**REQUIREMENT**
Return all of the data verbatim, dropping any picture.

==== DATA BLOCK ====

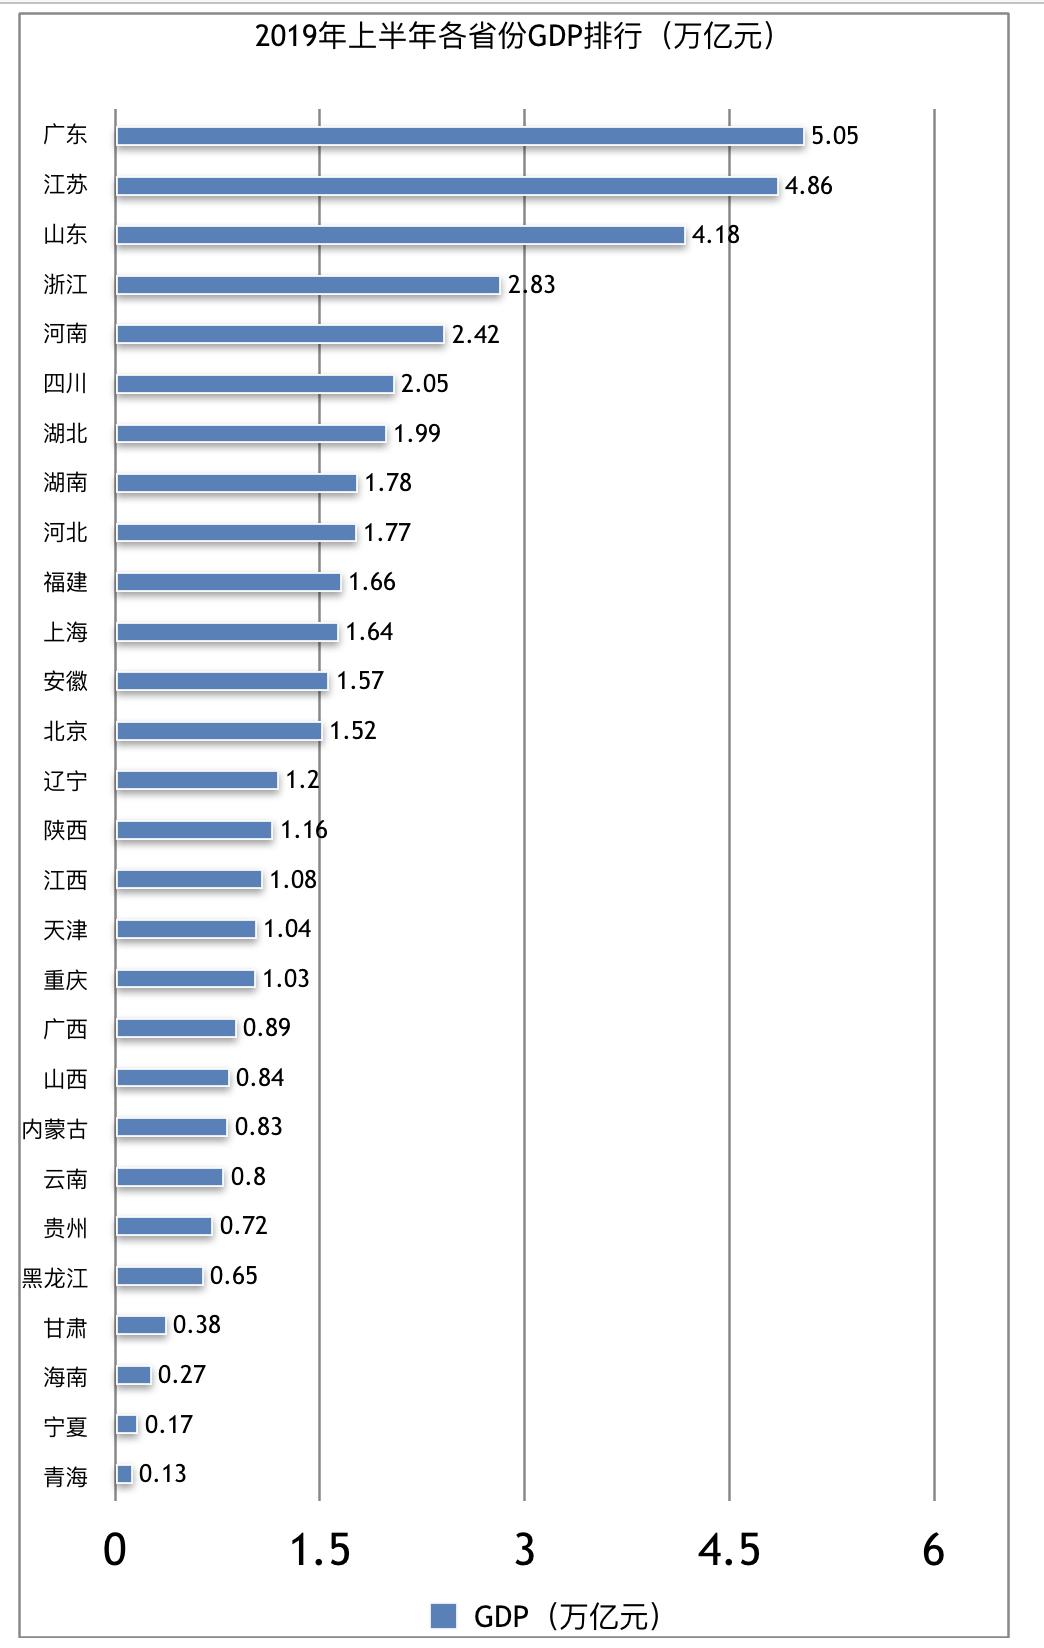 28省份半年报:15省份增速高于全国增速,湖南超越河北
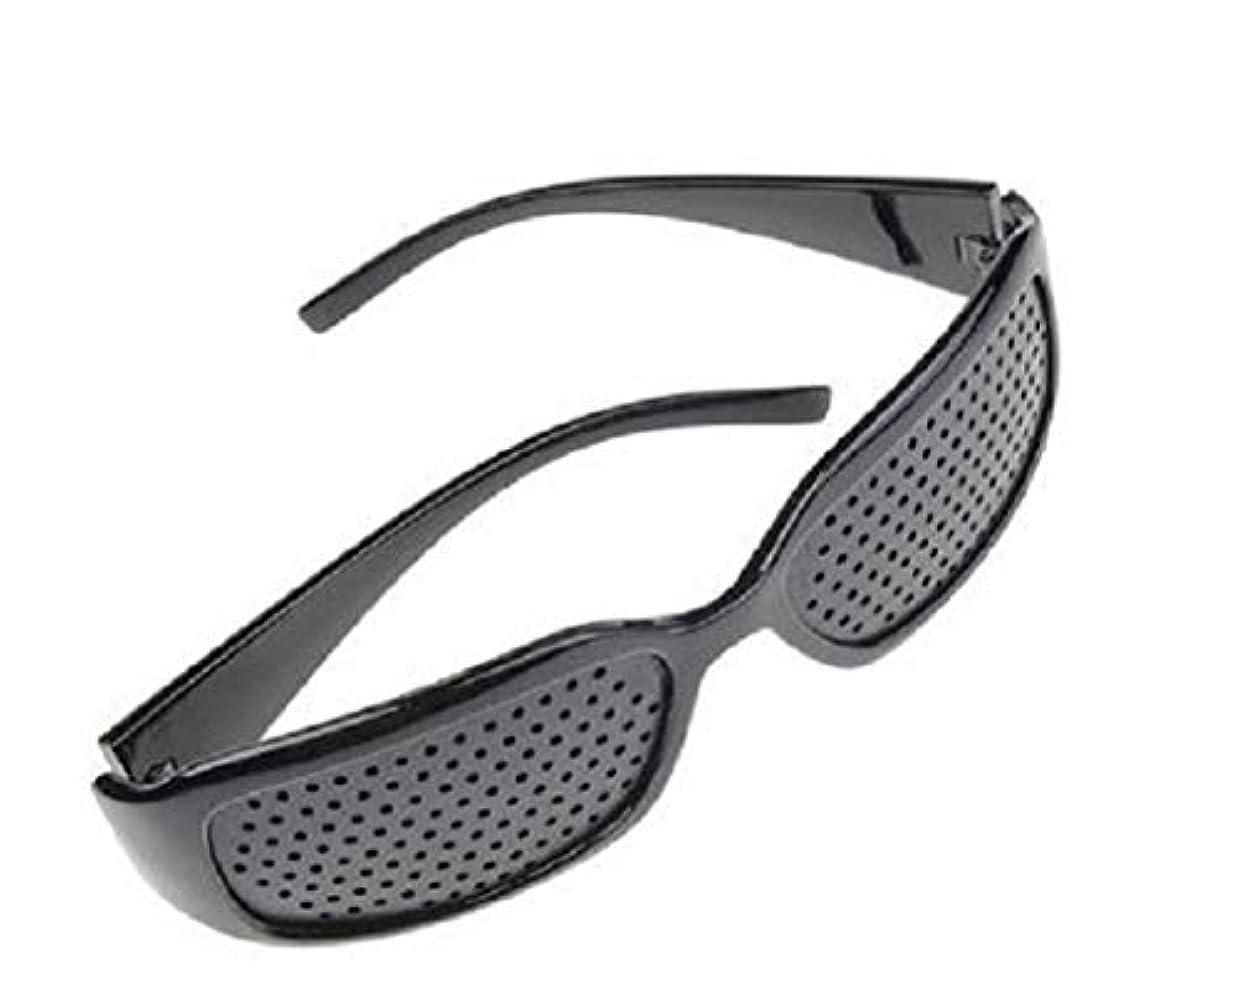 形貫通落ち着くユニセックス視力ビジョンケアビジョンピンホールメガネアイズエクササイズファッションナチュラル (Color : 黒)
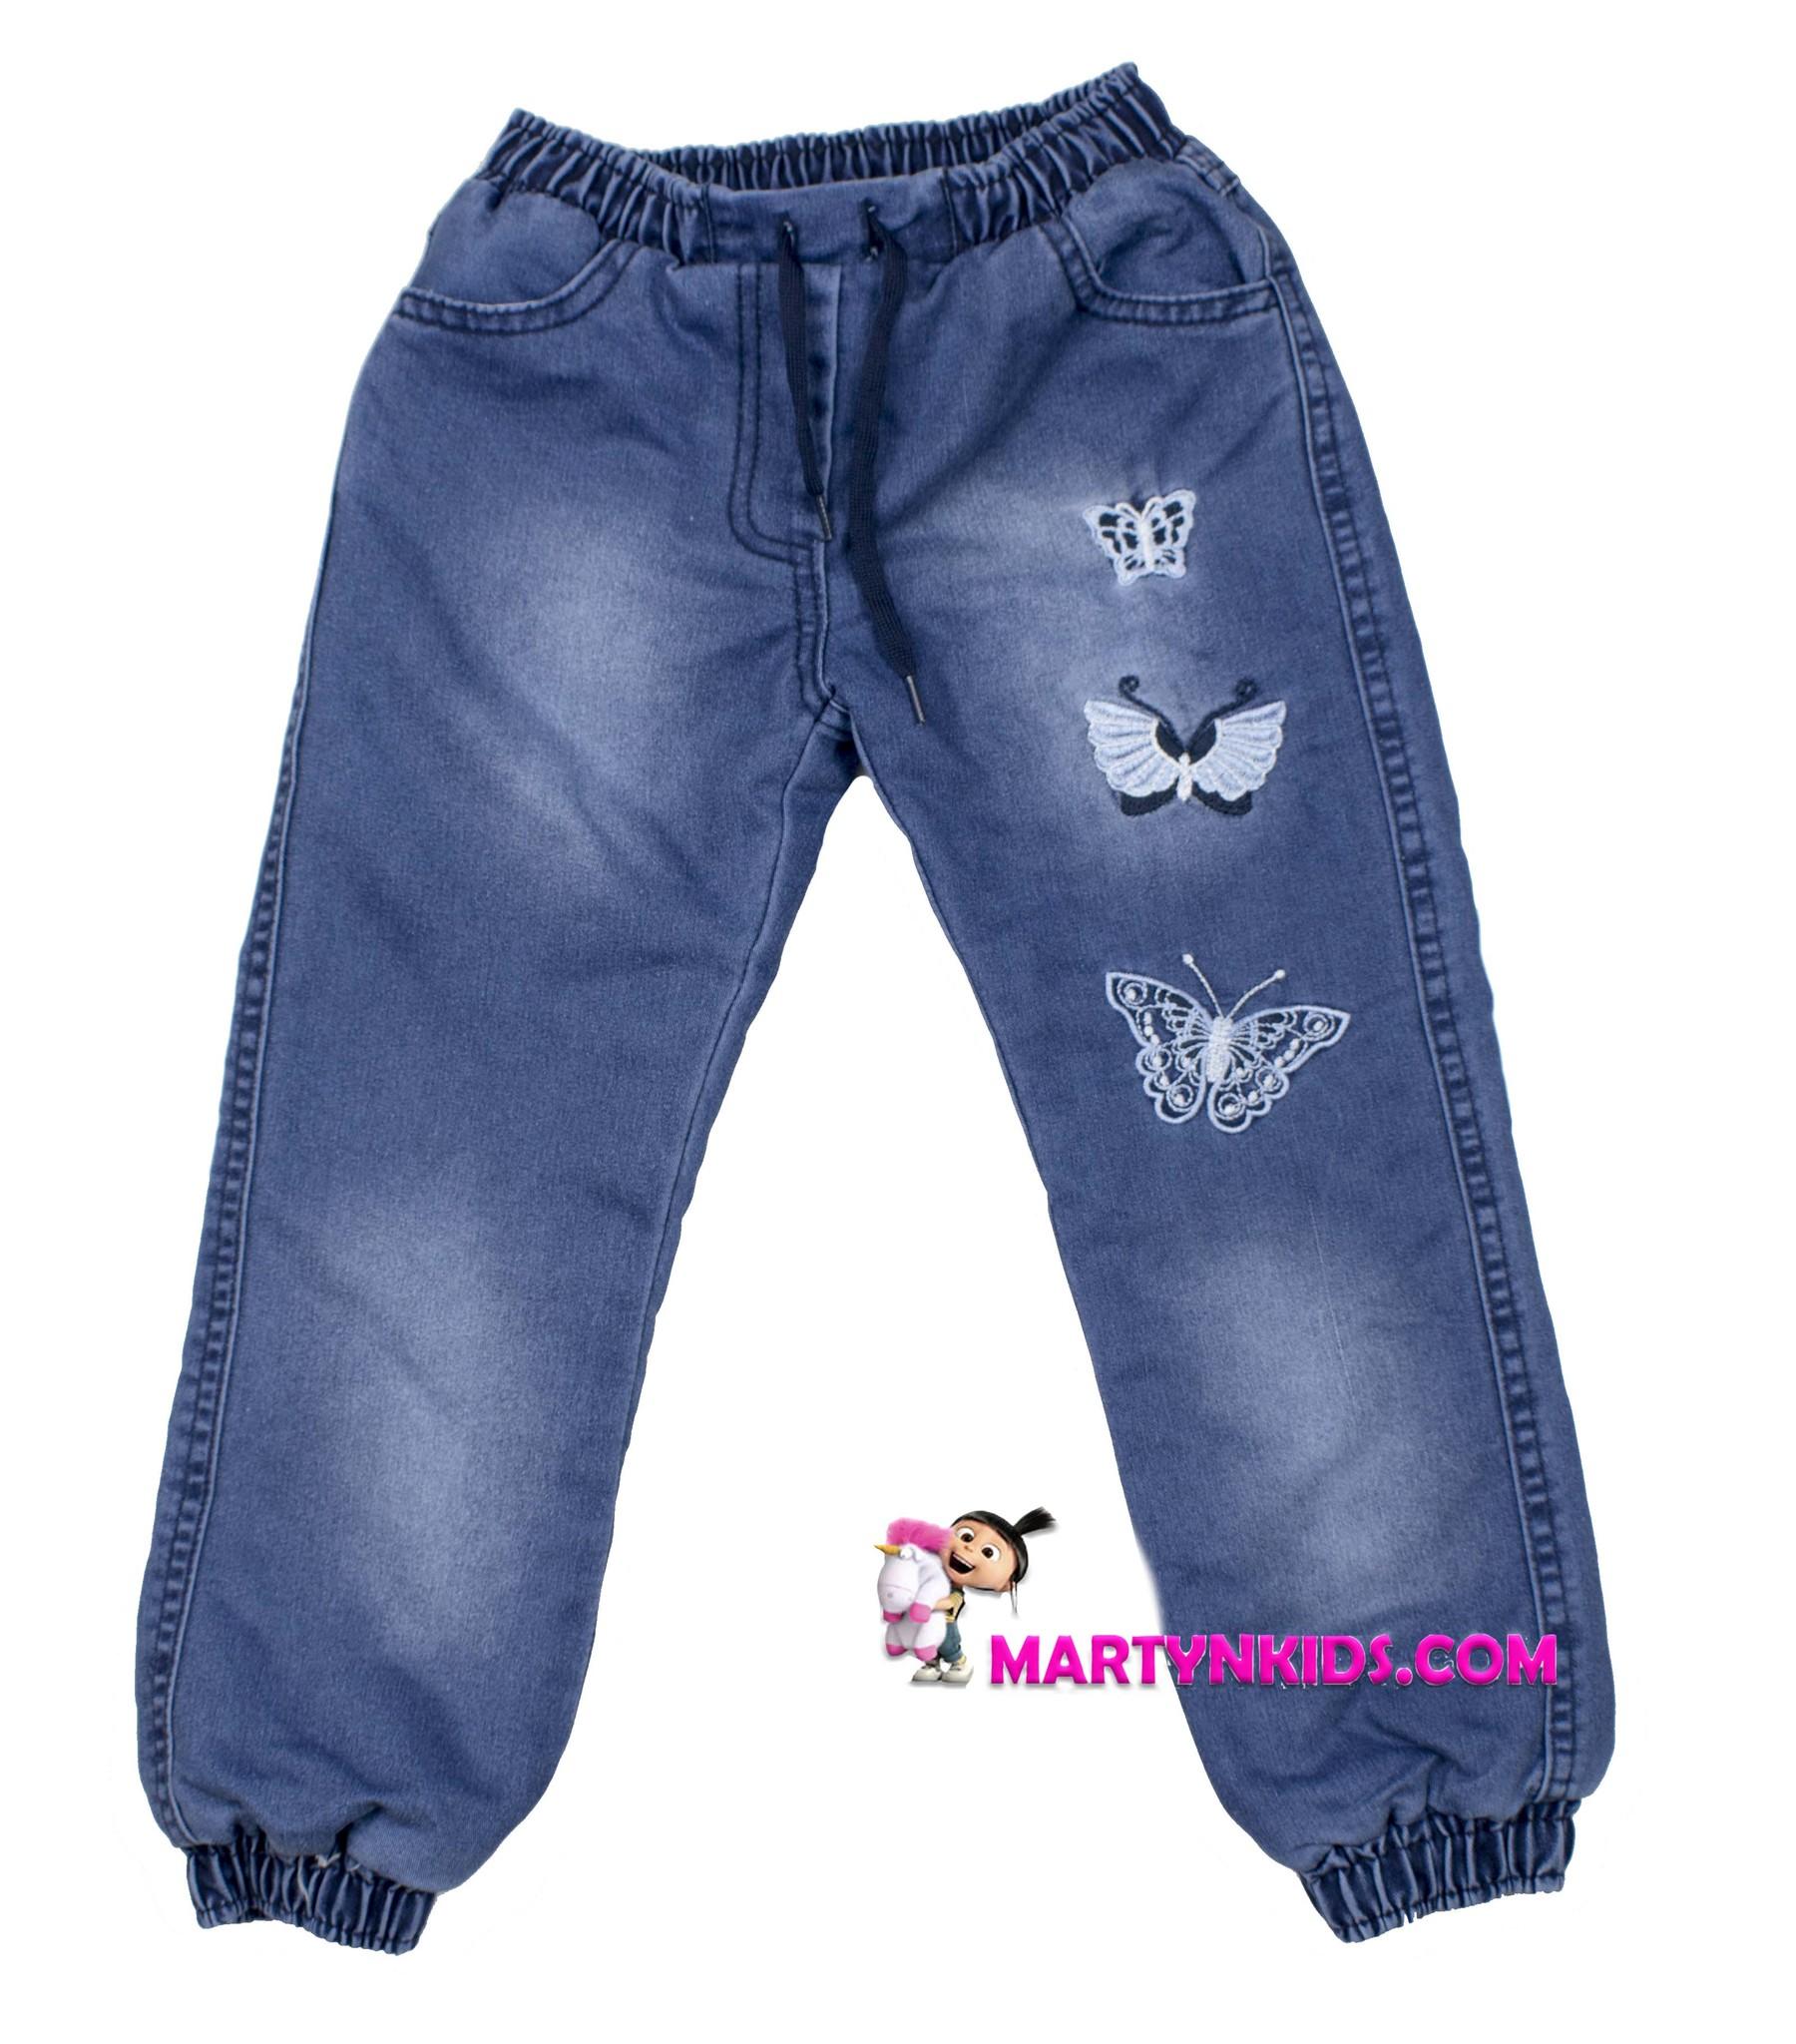 1810 джинсы теплые много бабочек
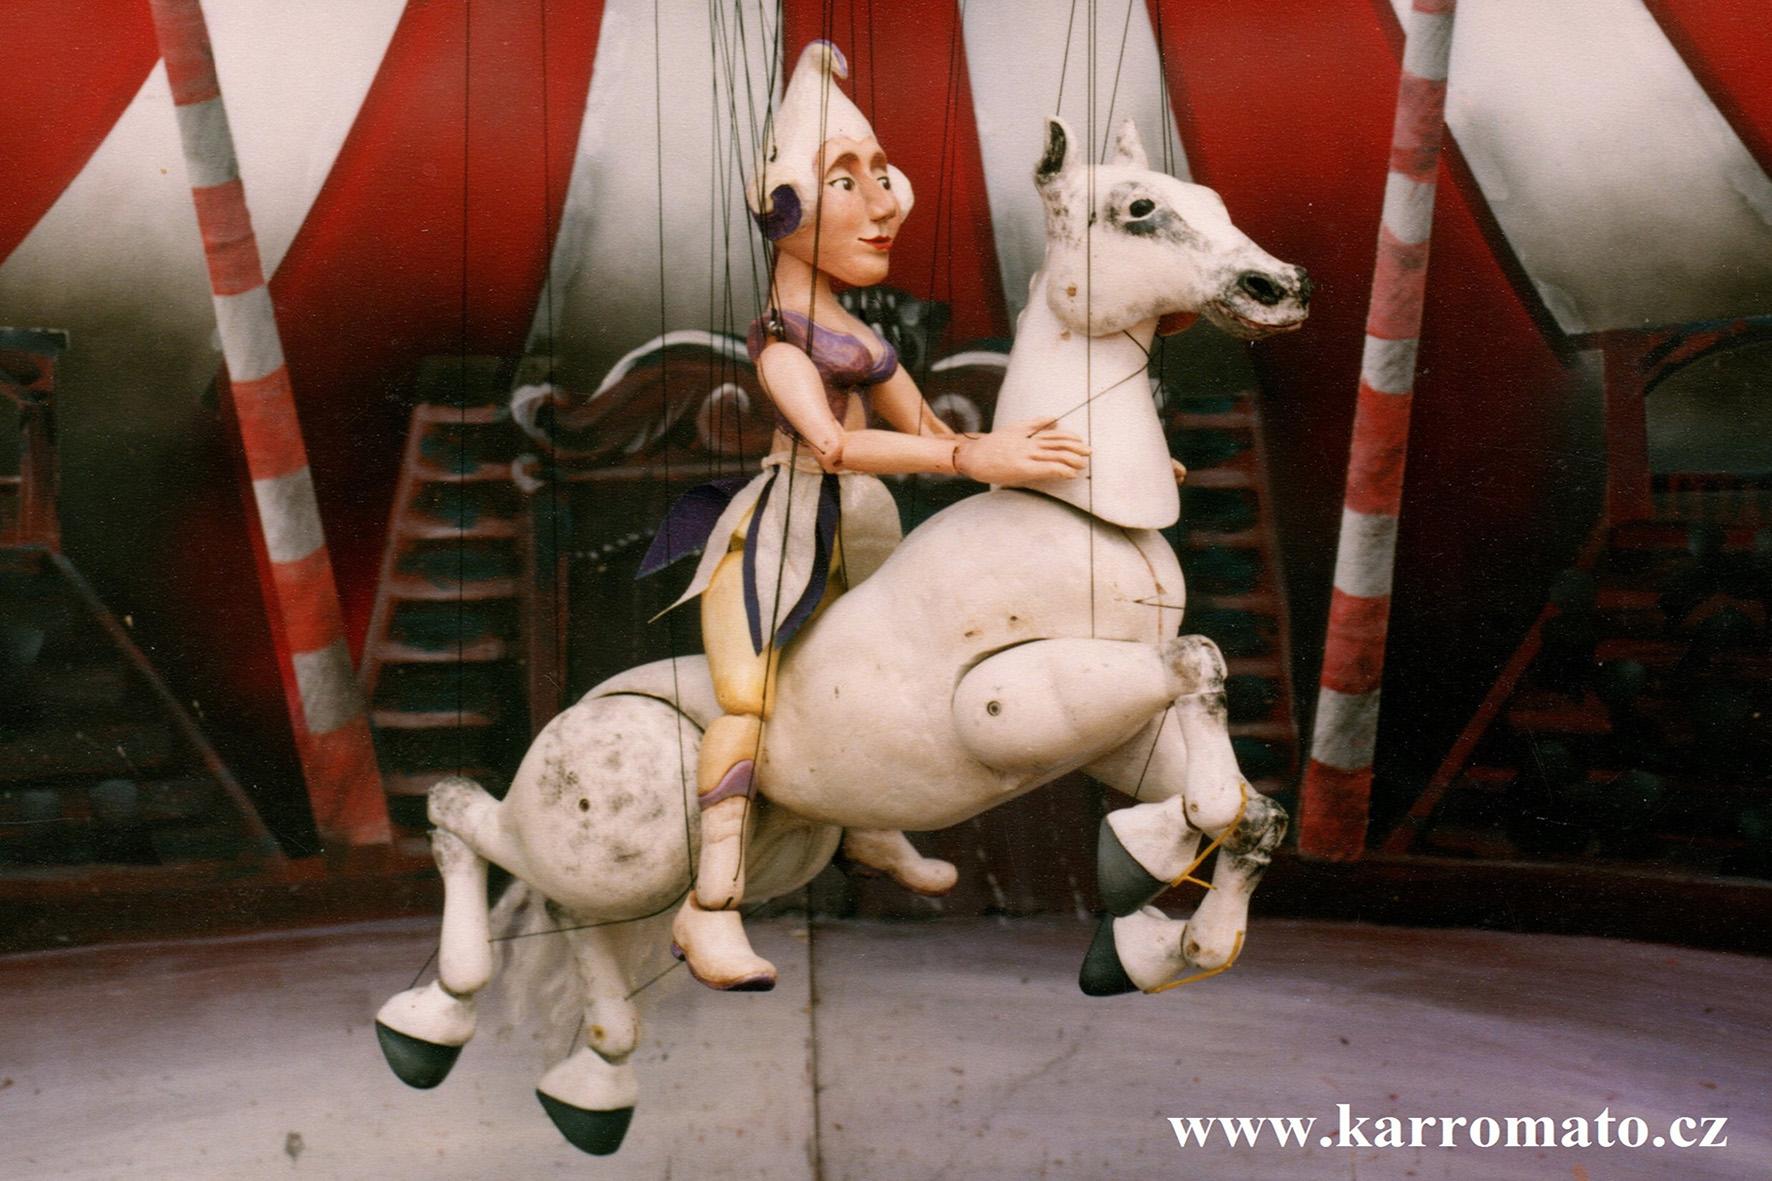 Arttitere - Karromato El circo de madera - Encerezados 2018 - FCAYC

====

**WRITTEN SOLUTION**
 28省份半年报:15省份增速高于全国增速,湖南超越河北
 形貫通落ち着くユニセックス視力ビジョンケアビジョンピンホールメガネアイズエクササイズファッションナチュラル (Color : 黒)
 1810 джинсы теплые много бабочек
 Arttitere - Karromato El circo de madera - Encerezados 2018 - FCAYC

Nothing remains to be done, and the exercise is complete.